For me it started with one lame one and like everyone you automatically think injury but then a second and third with the e type of lameness was too much of a coincidence. I had had deaths in one or two older birds prior to that, some quite sudden and others lingering, but then the 6month old youngsters going lame was the moment I became suspicious and then I did a post mortem exam on the first one that I decided to euthanize and found large tumours on her leg and abdomen.
I did try turmeric and black pepper mixed into scrambled egg as that is supposed to reduce tumours but after a week or so they got sick of it and it just stressed me and them trying to get them to eat it. Now I feed the sick ones whatever they will eat. I have found that having the companionship of another hen in sick bay stimulates them to compete for food and keeps them from being depressed and getting them out on grass in sunshine (in a cage) but with the rest of the flock foraging around them makes a huge difference. Sadly here in the UK sunny days are limited, especially at this time of year and it's too cold and wet or them to go out on the grass, so all I can do is make them as comfortable and as happy as possible and hope that they will survive until the spring. I had to cull a cream legbar cock last week that had his first attack a year ago, when he was suddenly badly lame for a few days and then completely recovered over a couple of weeks and has shown no sign of any more problems until 2 weeks ago when I found him on his side and unable to get up. His leg had gone again and his neck was also starting to twist. He was still eating and drinking though, so I kept him warm and comfortable, but then his system started to shut down and he wouldn't eat and drink anymore and I knew it was time to call it a day.

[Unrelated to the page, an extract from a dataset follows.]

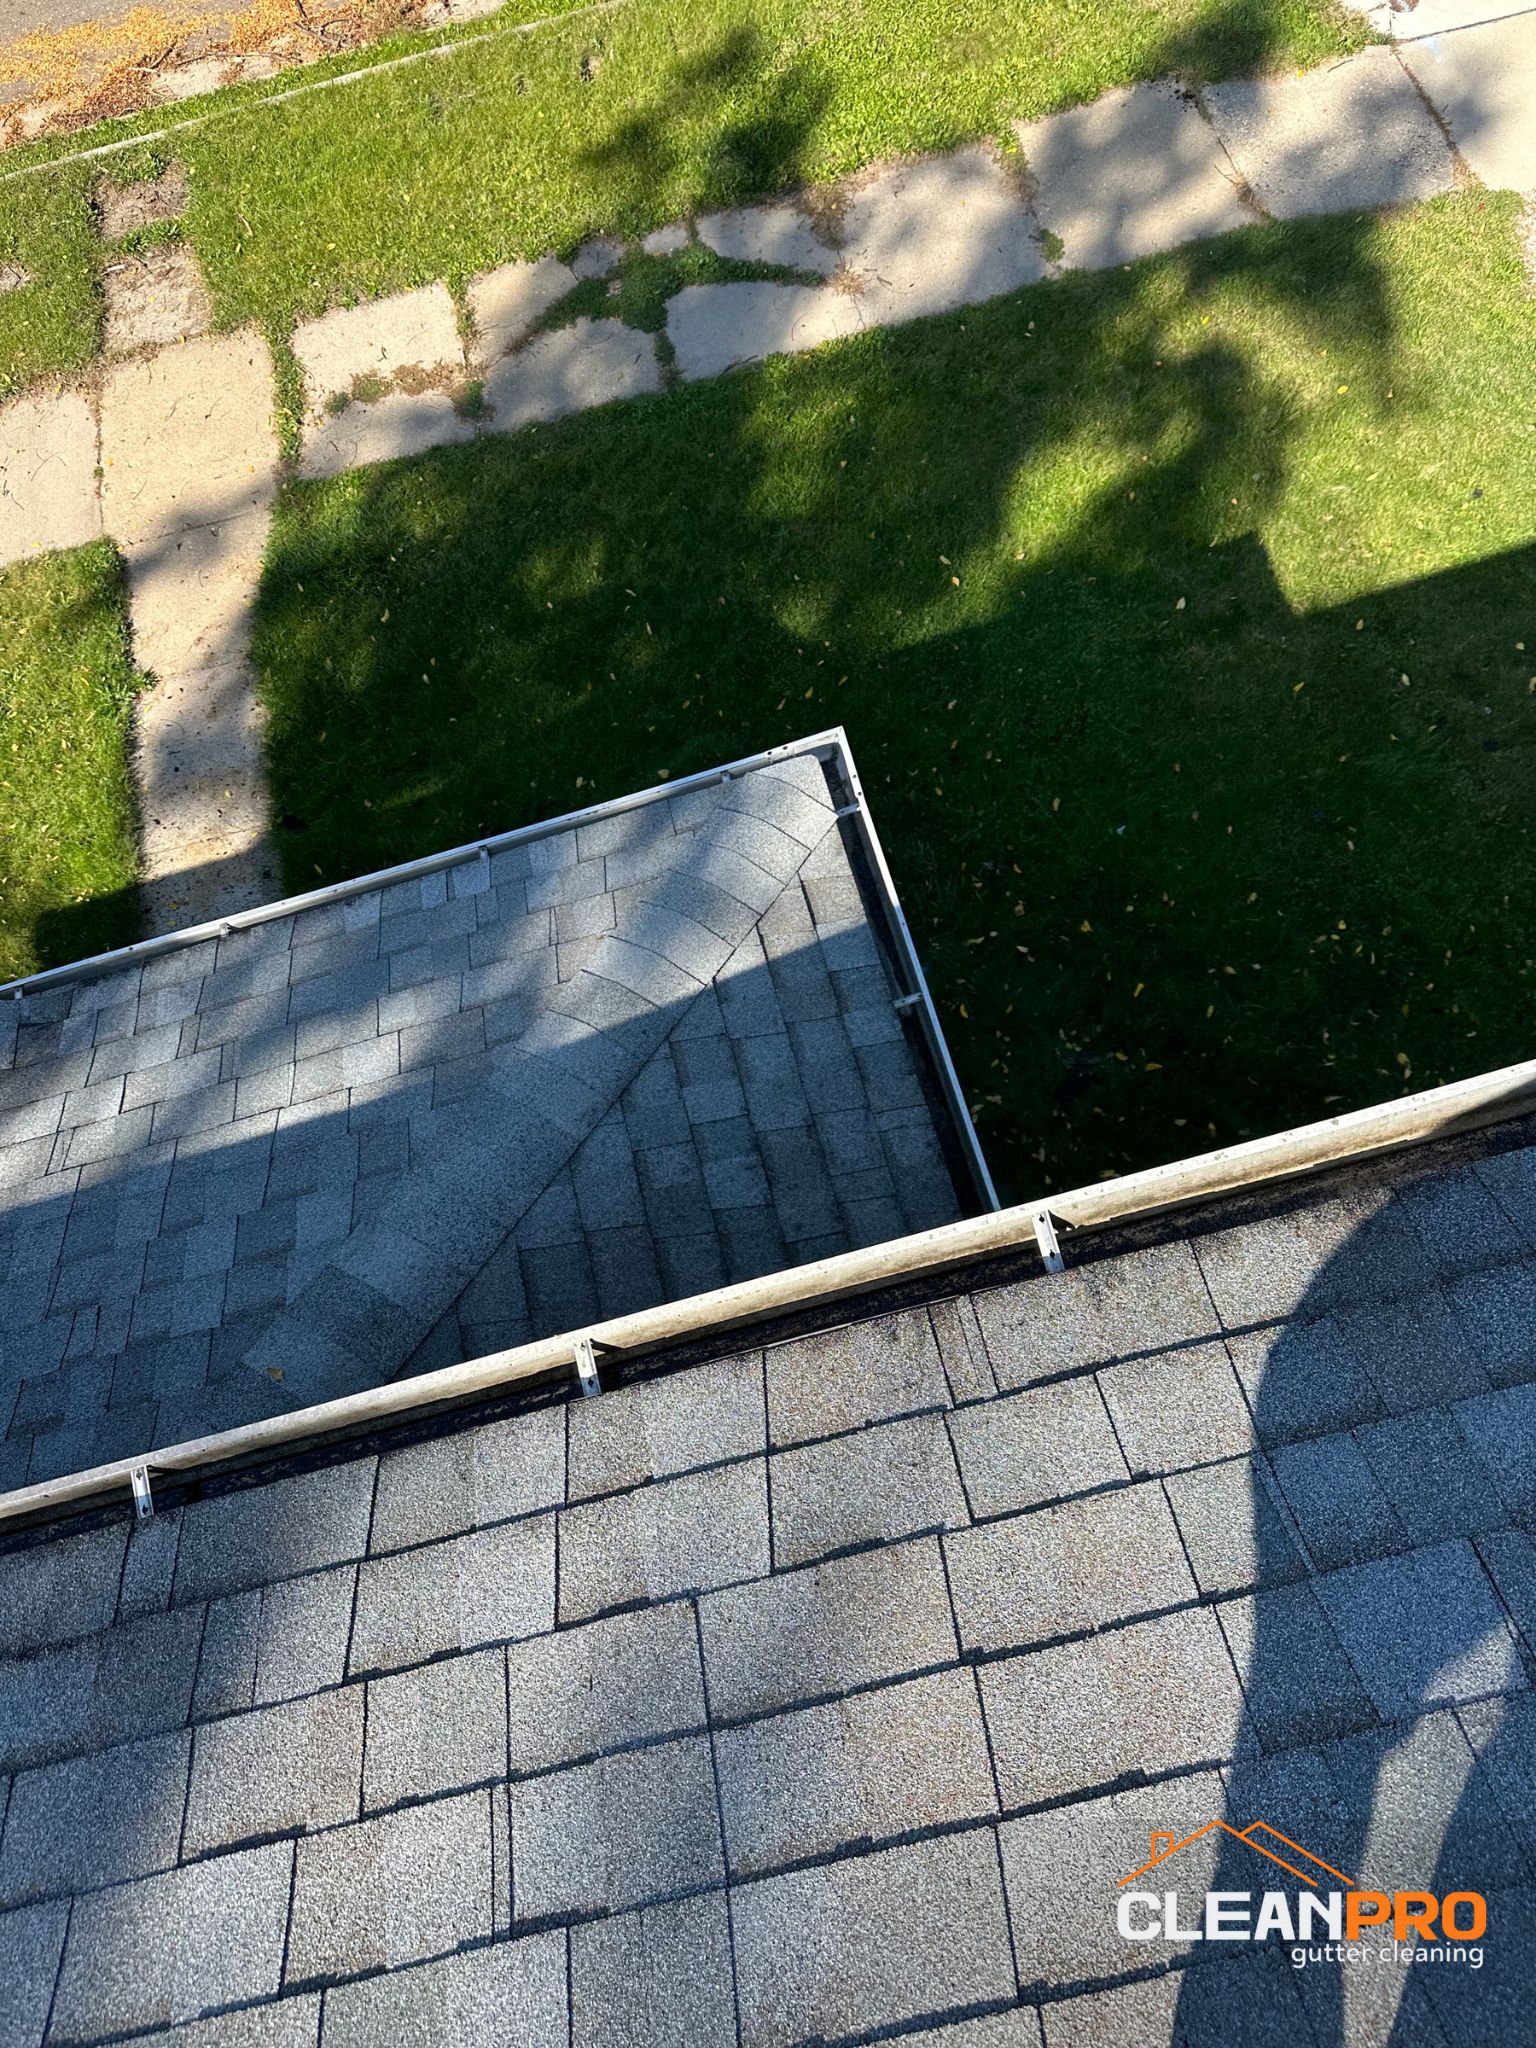 Best Gutter Cleaning Service in Oklahoma City

On the other hand, I have a young pullet that started with paralysis of her wing 6 weeks ago. It was so bad she was tripping over it. I trimmed the feathers to help a bit and put her in the infirmary with her brother who has persistent pasty butt which I suspect may also be Marek's related. They have both improved to the point that I let them out to free range with the flock through the day and they stay in the infirmary overnight, where I can monitor poop and I know they have good access to food and water. Both are under size but they have good quality life. My infirmary/brooder is in the hen house so that they can remain part of the flock.... My other birds have all been exposed to the virus so I don't isolate Marek's sick birds.

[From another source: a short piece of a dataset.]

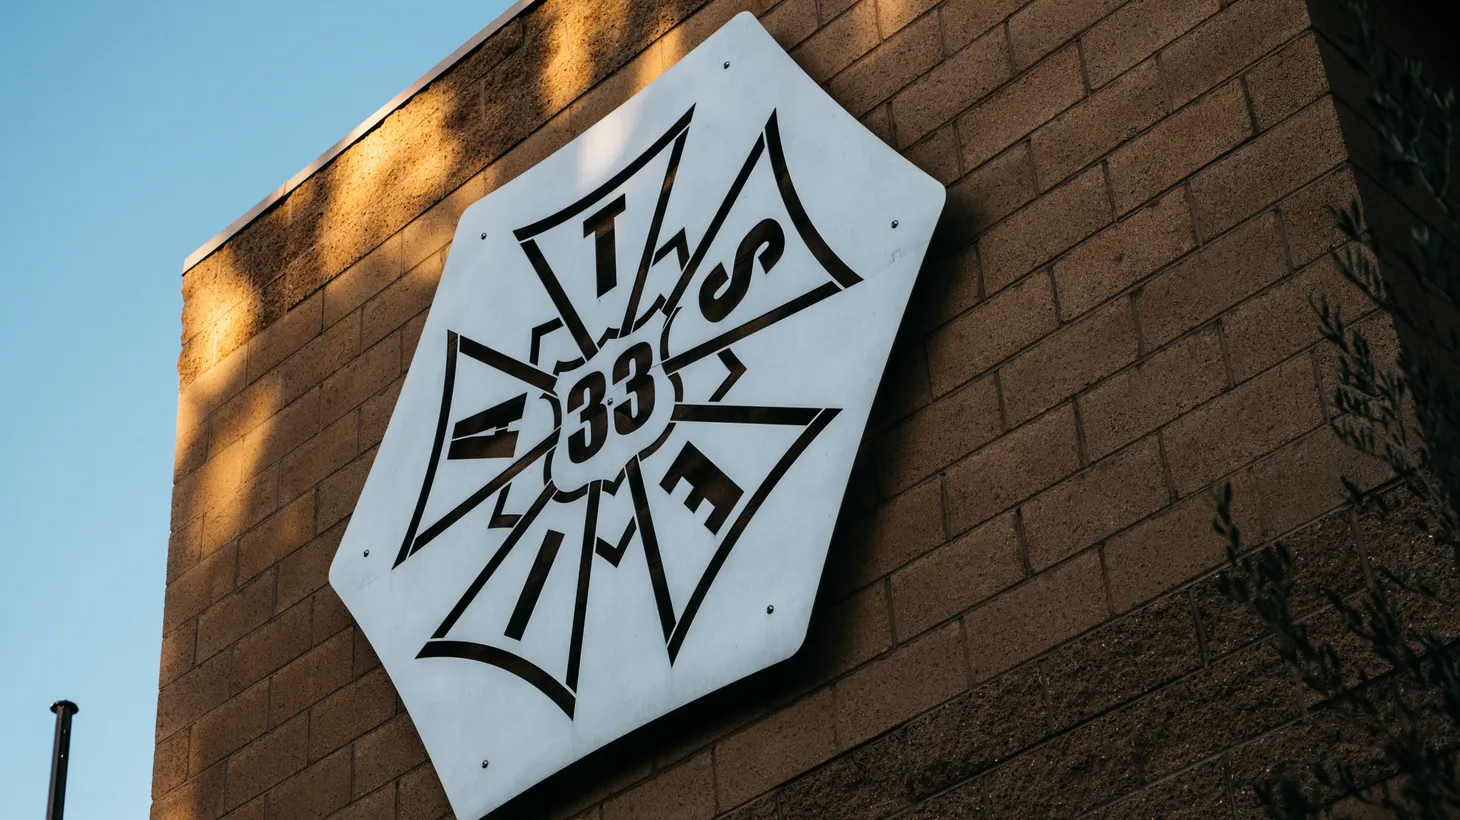 This IATSE building is located in Burbank, CA.

I am lucky that the strain I have is not as virulent as some members of this forum experience. I've had 28 broody reared chicks this past summer all reared within the flock and only these 2 have shown possible signs of Marek's. There are 5 pullets just coming into lay.... got my first egg from one yesterday, so this is a critical time... Marek's strikes at times of stress and the confusion of hormones and egg laying can trigger an outbreak..... as can over enthusiastic young cockerels trying to mate them when they are not ready.

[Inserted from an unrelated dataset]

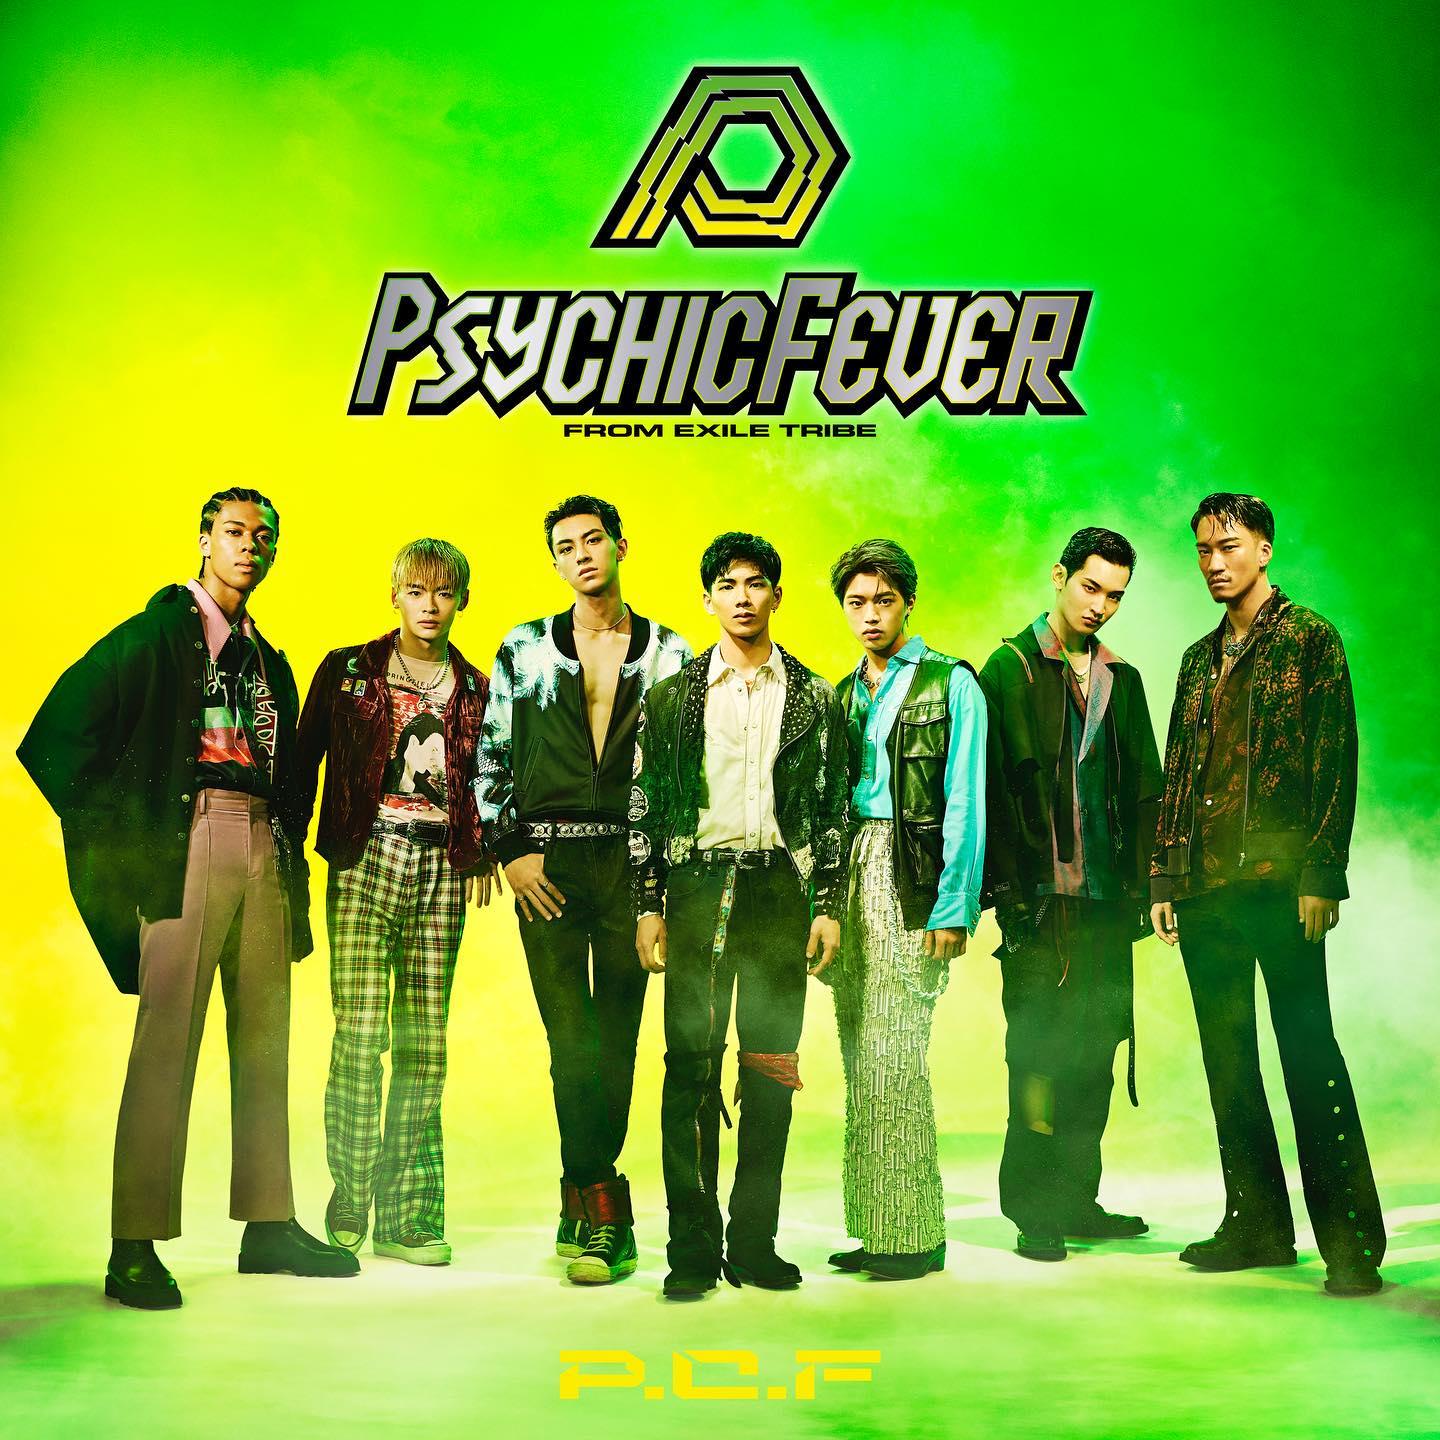 Psychic Fever From Exile Tribe - Songs, Events and Music Stats

There are several very good threads on Marek's on this forum and I know there are people trying human anti virus drugs on their sick birds and others trying St John's Wort. The difficulty is that some birds experience quite dramatic recoveries, with or without medication so it's very difficult to assess efficacy and of course others decline and die quite quickly regardless. I now just give supportive care.
Whatever it is that is ailing your flock I wish you luck in dealing with it and if I can give you any further help just ask.
PS. If it is Marek's, keeping your flock as stress free as possible helps prevent outbreaks. Therefore avoid overcrowding, keep adolescent cockerels separate from the females (a bachelor pad for the boys is good until they get over the raging hormones phase) and ensure plenty of feeding and water stations so that all have access to food without risk of bullying.